There are plugins and tools that can try to enforce idempotence (see gems like sidekiq-unique-jobs), but in general, take precautions in your own application code.

Do: Ensure the conditions that cause you to enqueue a job are true when it runs

class NotifyLateInvoiceJob < ApplicationJob
  def perform(user, invoice)
    # Confirm that nothing has changed since the job was scheduled
    if invoice.late? && !invoice.notified?
      InvoiceMailer.with(user: user, invoice: invoice).late_reminder_email

      # Track state for things that should only happen once
      invoice.update(notified: true)
    end
  end
end

Split Up Large Jobs

In addition to moving work off of the “main thread”, background queues allow you to split up and parallelize work. But just putting something in a background job does not make it run faster.

Prefer many small jobs to one big job – this helps with performance (letting multiple workers crank through the task) and also helps in the event that the job is interrupted (dyno restart, unexpected errors, random bit flips due to solar flares).

Don’t: Run excessively slow loops in a single job

class ComputeCompanyMetricsJob < ApplicationJob
  def perform(company)
    company.employees.each do |employee|
      # A bunch of slow work
      employee.compute_hours
      employee.compute_productivity
      employee.compute_usage
    end
  end
end

You may hear this concept called “fanning out”: you take one job that might have 100 loop iterations and instead spin off 100 smaller jobs.

If you have 10 workers available, you can finish the job ~10x faster (ignoring overhead) and if the 62nd loop iteration fails, you can retry that one small piece of work (instead of starting the whole thing over).

Do: Enqueue smaller jobs from another job

class ComputeCompanyMetricsJob < ApplicationJob
  def perform(company)
    company.employees.each do |employee|
      # Fan-out with parallel jobs for each employee
      ComputeEmployeeMetricsJob.perform_later(employee)
    end
  end
end

class ComputeEmployeeMetricsJob < ApplicationJob
  def perform(employee)
    employee.compute_hours
    employee.compute_productivity
    employee.compute_usage
  end
end

Don’t go overboard: it’s not advisable to break every job with a loop into sub-jobs. Sometimes it’s not worth the extra complexity or you want the work all wrapped in the same transaction.

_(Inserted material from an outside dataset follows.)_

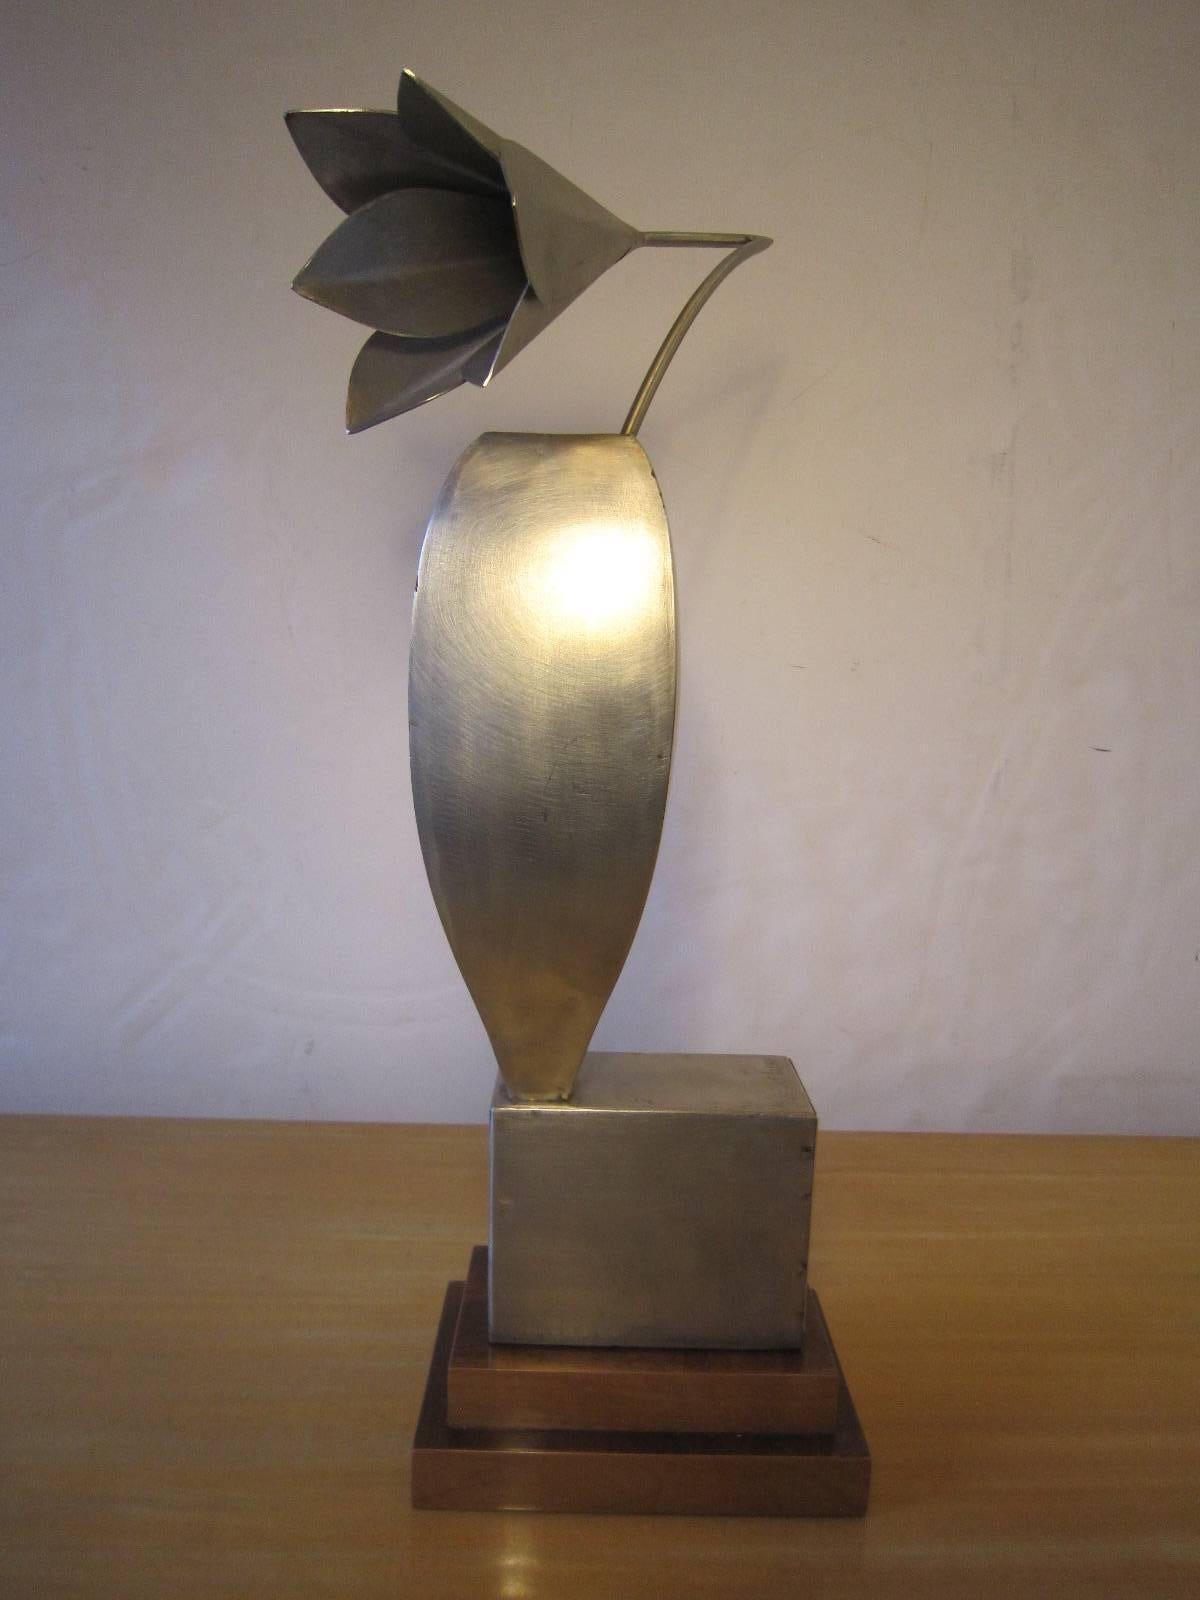 American Abstract Cubist Steel Sculpture Signed Peter Charles, 1988

But if you find yourself creating a job where you are looping and doing more than a query or two, think about splitting up the job.

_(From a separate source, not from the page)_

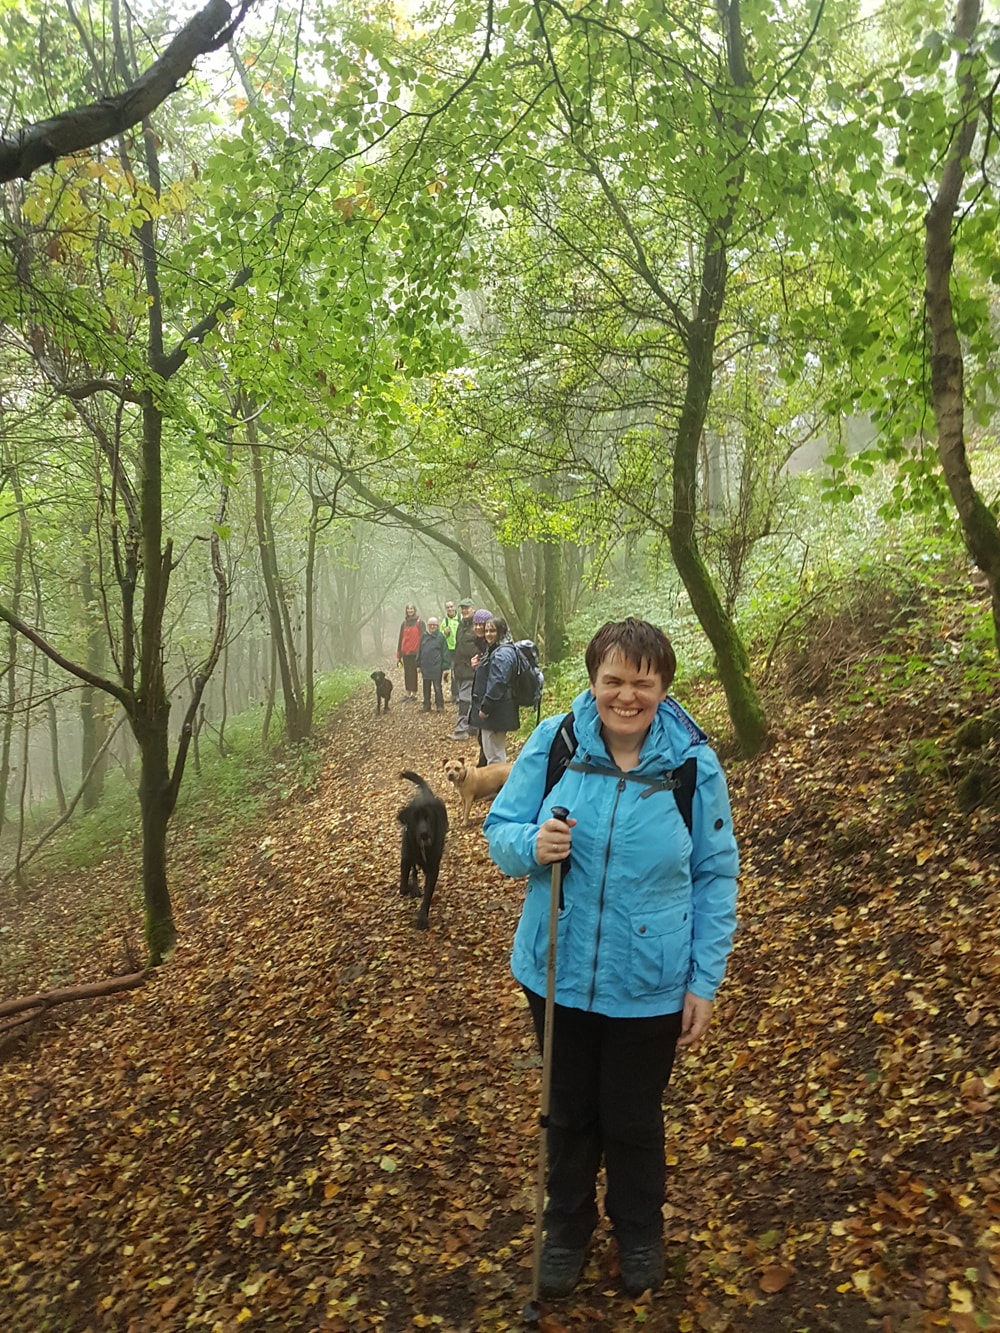 A group of walkers with dogs on a woodland path

Getting Data Back to the User

Most guides on background jobs make the faulty assumption that everything is “fire-and-forget”. Sure, for sending password reset emails, it’s fine to enqueue the job and finish the request. It’s unlikely to fail, takes only a few seconds, and you don’t need the result of the job to inform the user to kindly check their inbox.

But what about generating a 20,000 row Excel file or a background process that takes 5 minutes to complete? We often need a way to report back progress and send back information once the job is completed.

The fundamental issue is that when you move work to a background job, code execution does not stop and you need a way to “connect” back to the user that caused the job to be created. It’s outside of a single request-response life cycle so you cannot rely on normal Rails controllers.

There are two approaches that are well suited for the vast majority of jobs: email later and polling + progress.

Email Later

One way to relay that a job has been completed is to send an email. The benefit is that it’s simple. You run a job and then off an ActionMailer email with any relevant status (“Your contacts have now been imported!” or “Failed to sync calendar events. Contact support”) or links back into your app (“View your annual tax documents now”).

You can see an example of this pattern in Mailchimp.

For reports that may take a long time (e.g. exporting the campaign statistics for every email you’ve ever sent), you start by clicking “Generate Report”

Mailchimp Example: Generate Report

Mailchimp informs you that for large accounts, it may take a few minutes and to expect an email when the data is done exporting.

Mailchimp Example: Generating Export

After some time, you get an email from Mailchimp with a link to download the report.

Mailchimp Example: Report Complete Email

You are taken back to the Mailchimp app and can download a zip of your report.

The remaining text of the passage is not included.